Per- and polyfluoroalkyl substances (PFAS), emerging persistent organic pollutants (POPs), are transported from land to sea. Their distinct hydrophilicity and hydrophobicity make PFAS transport by suspended particulate matter (SPM) in estuaries, especially within the estuarine turbidity maximum (ETM), crucial and distinct from traditional POPs. Beyond particle size, SPM composition critically governs PFAS partitioning. To investigate the PFAS dynamic in estuaries and how their variations are influenced by fractionated particles and their components under tidal forcing, water samples were collected during two consecutive tidal cycles in the macrotidal Jiulong River estuary ETM. Size-fractionated SPM (0.22-1 μm, 1-10 μm, 10-31 μm, 31-63 μm, > 63 μm) was analyzed for composition and PFAS concentration. SEM-EDS analysis showed SPM comprised primarily of clay minerals, with the 0.22-1 μm fraction potentially organic-rich and the >31 μm fraction inorganic-rich. Notably, 0.22-1 μm particles (3% of SPM mass) carried 31% of particulate PFAS, comparable to >31 μm particles (59% of mass, 31% of PFAS).

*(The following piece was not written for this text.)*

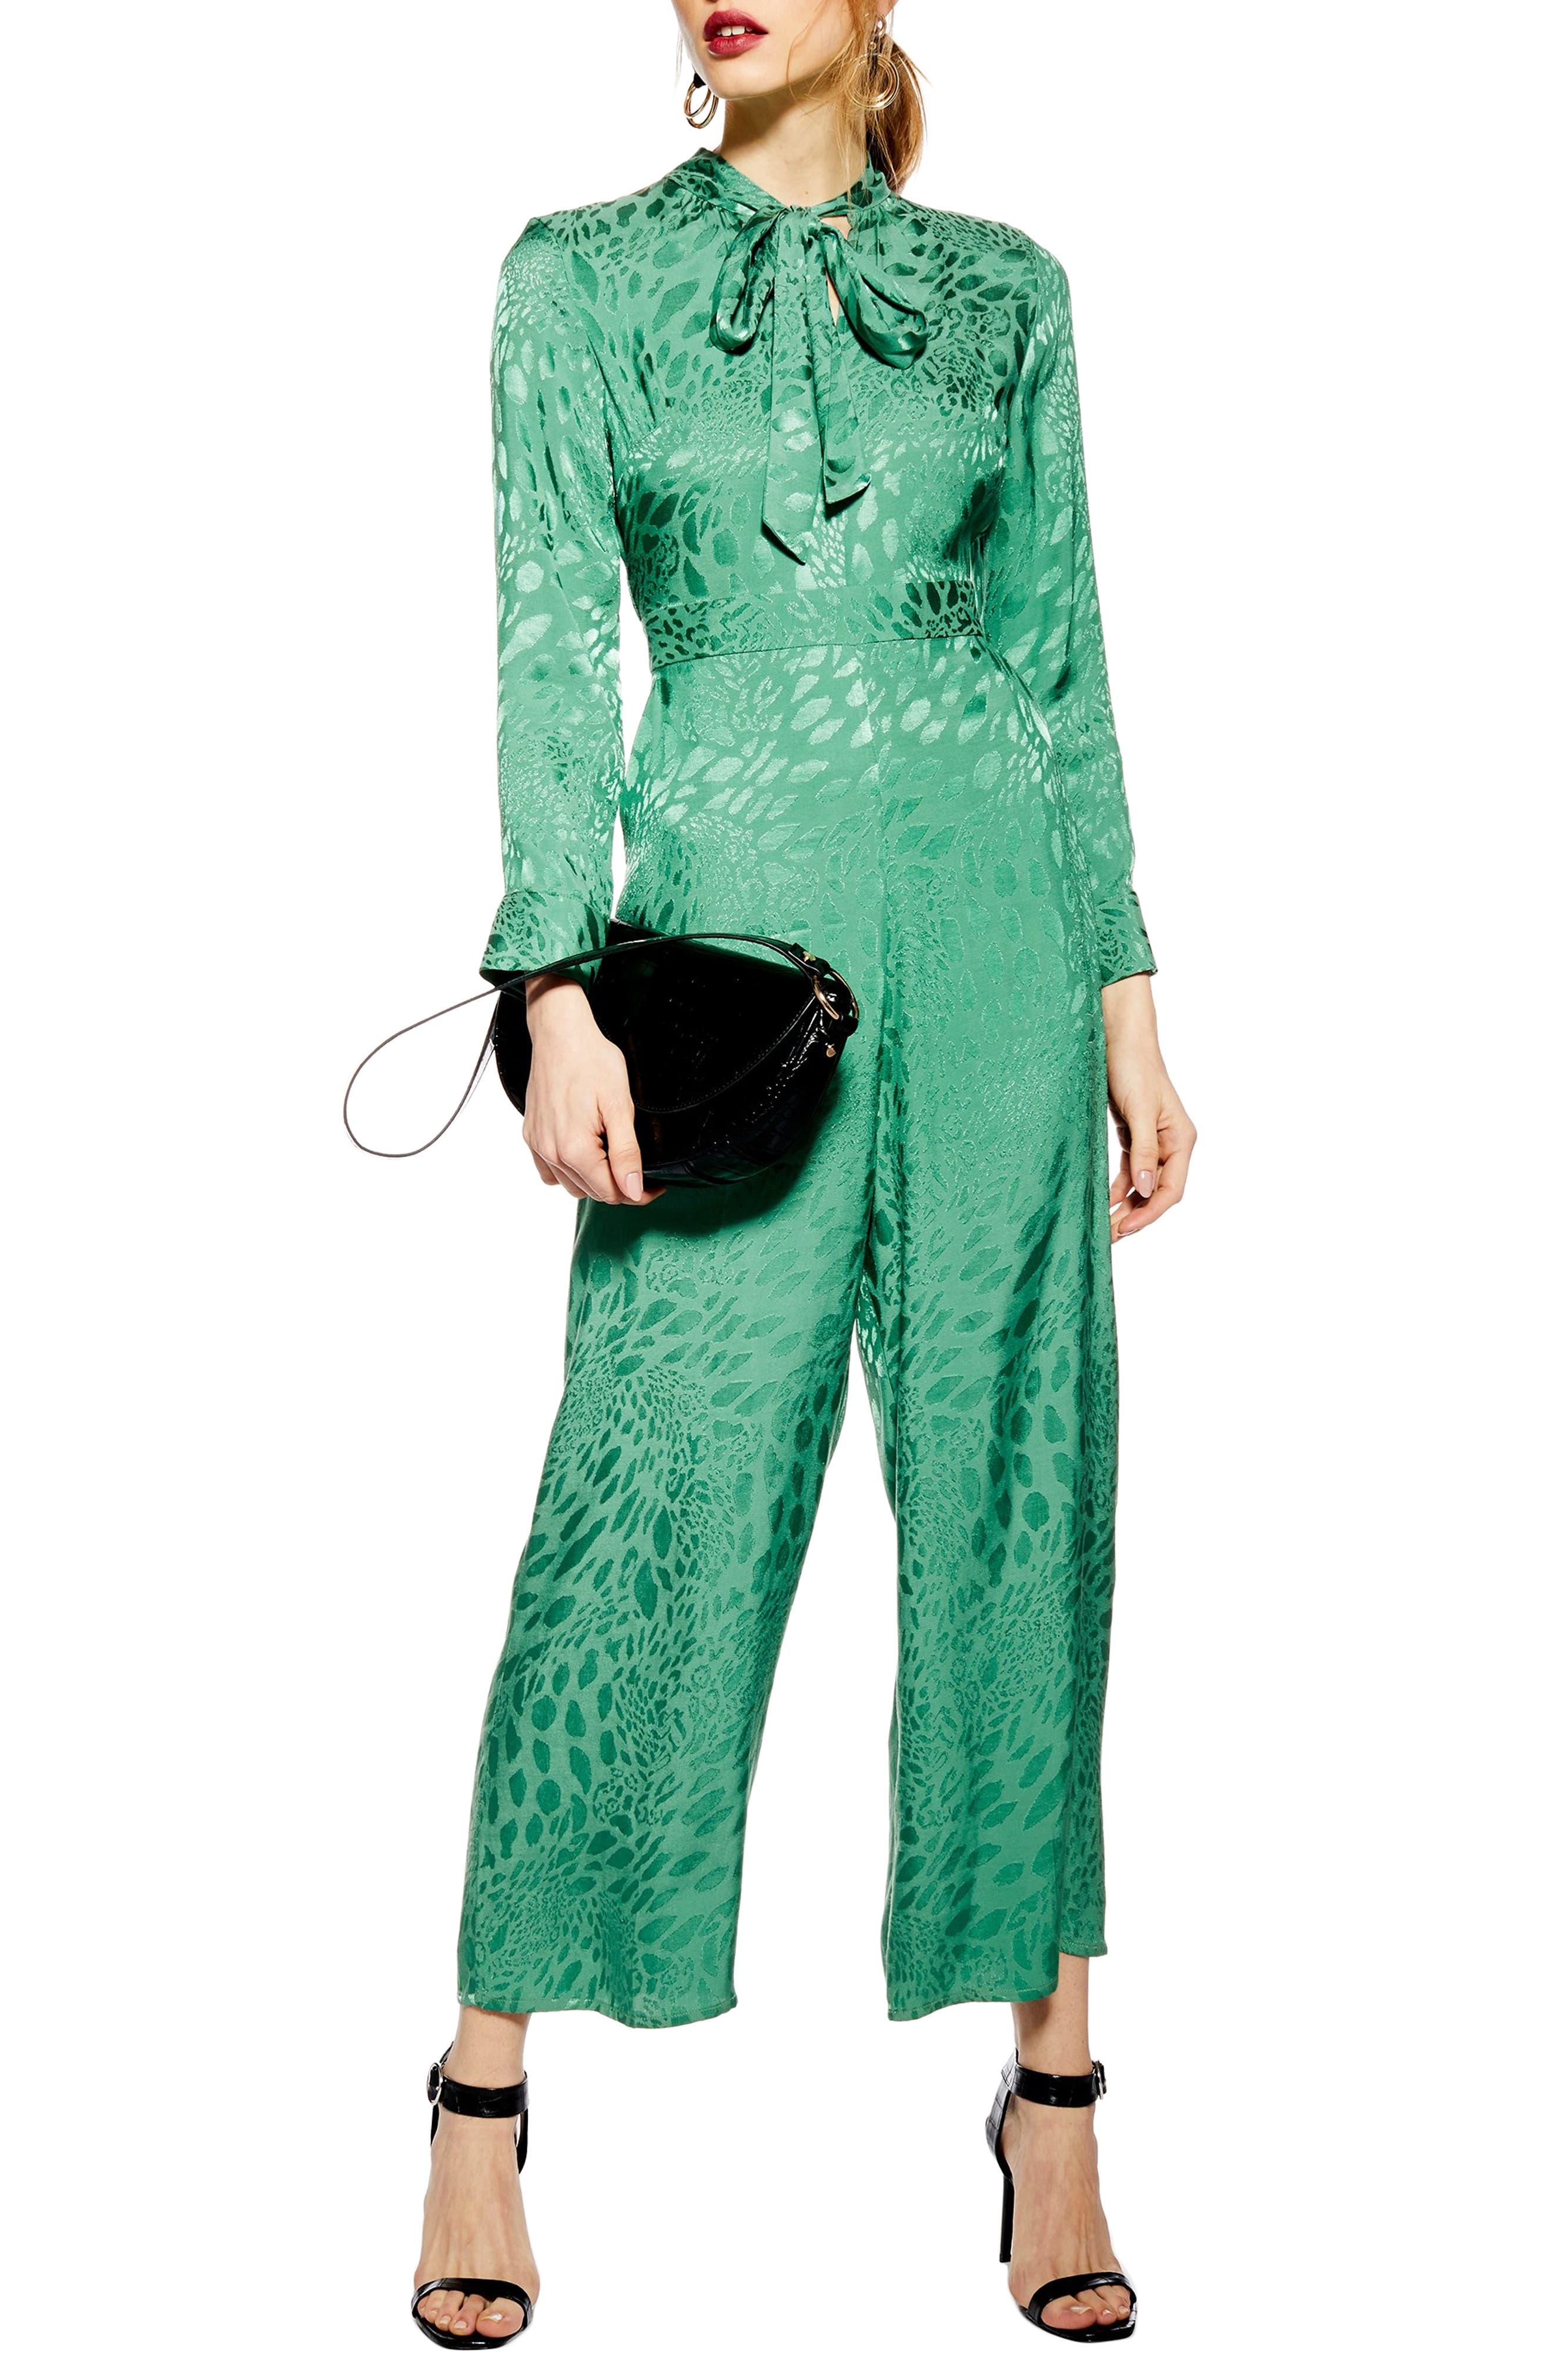 Topshop Tie Neck Jacquard Crop Jumpsuit, US (fits like 6-8) - Green
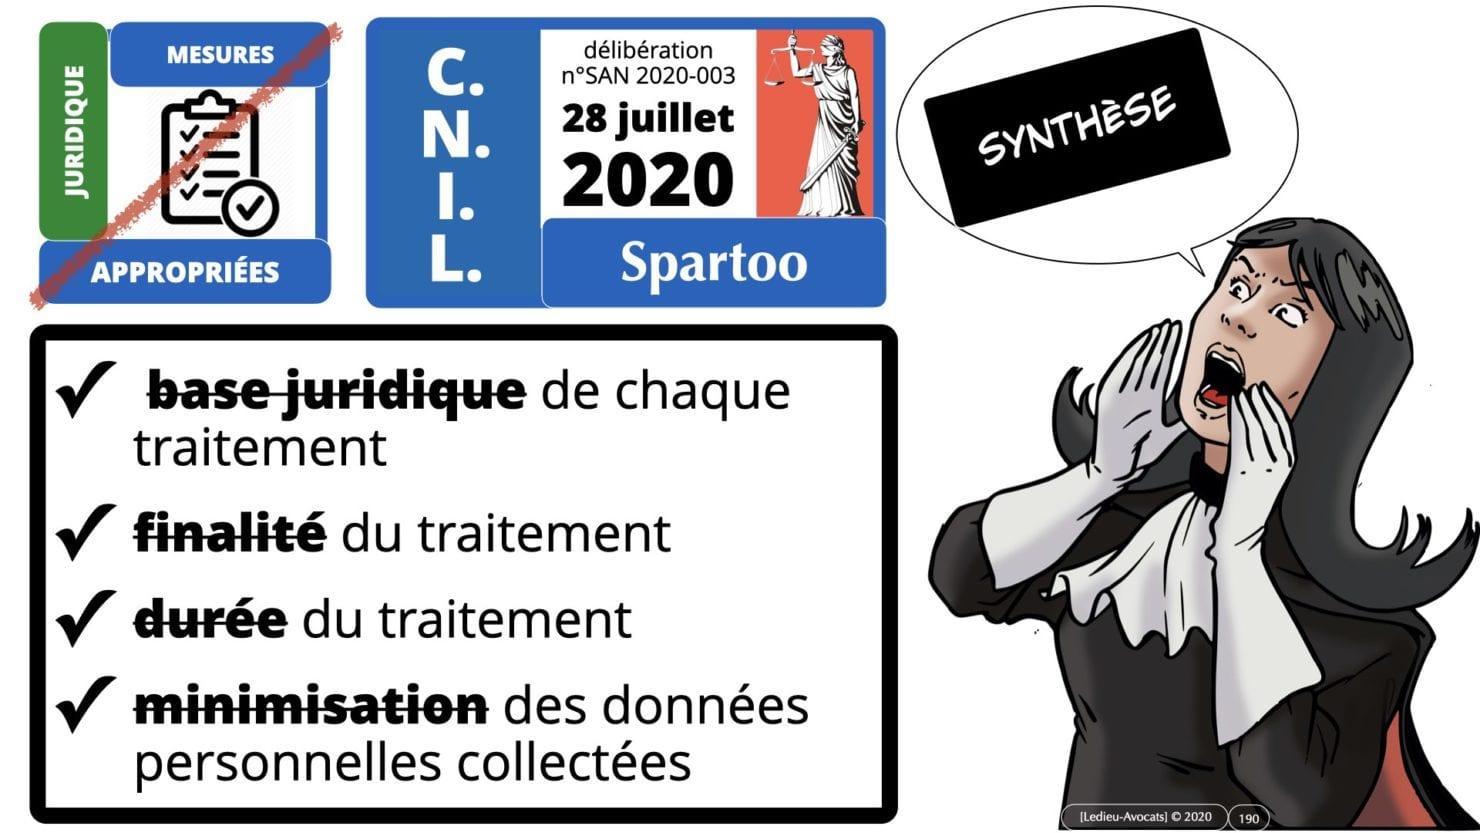 RGPD e-Privacy principes actualité jurisprudence ©Ledieu-Avocats 25-06-2021.190

Tidal variations induced a salting-in effect for PFAS associated with 0.22-1 μm particles but a salting-out effect on >31 μm particles, underscoring size-dependent electrostatic interactions between PFAS and SPM. Additionally, bottom-water nonvolatile organic carbon (NVOC) showed a positive correlation with PFAS concentrations in SPM, suggesting that NVOC facilitates PFAS accumulation. Upstream-downstream water mixing also significantly influenced PFAS transport. This study systematically elucidates how fractionated SPM components differentially regulate PFAS dynamics, thereby providing insights for future transport predictions and risk assessment.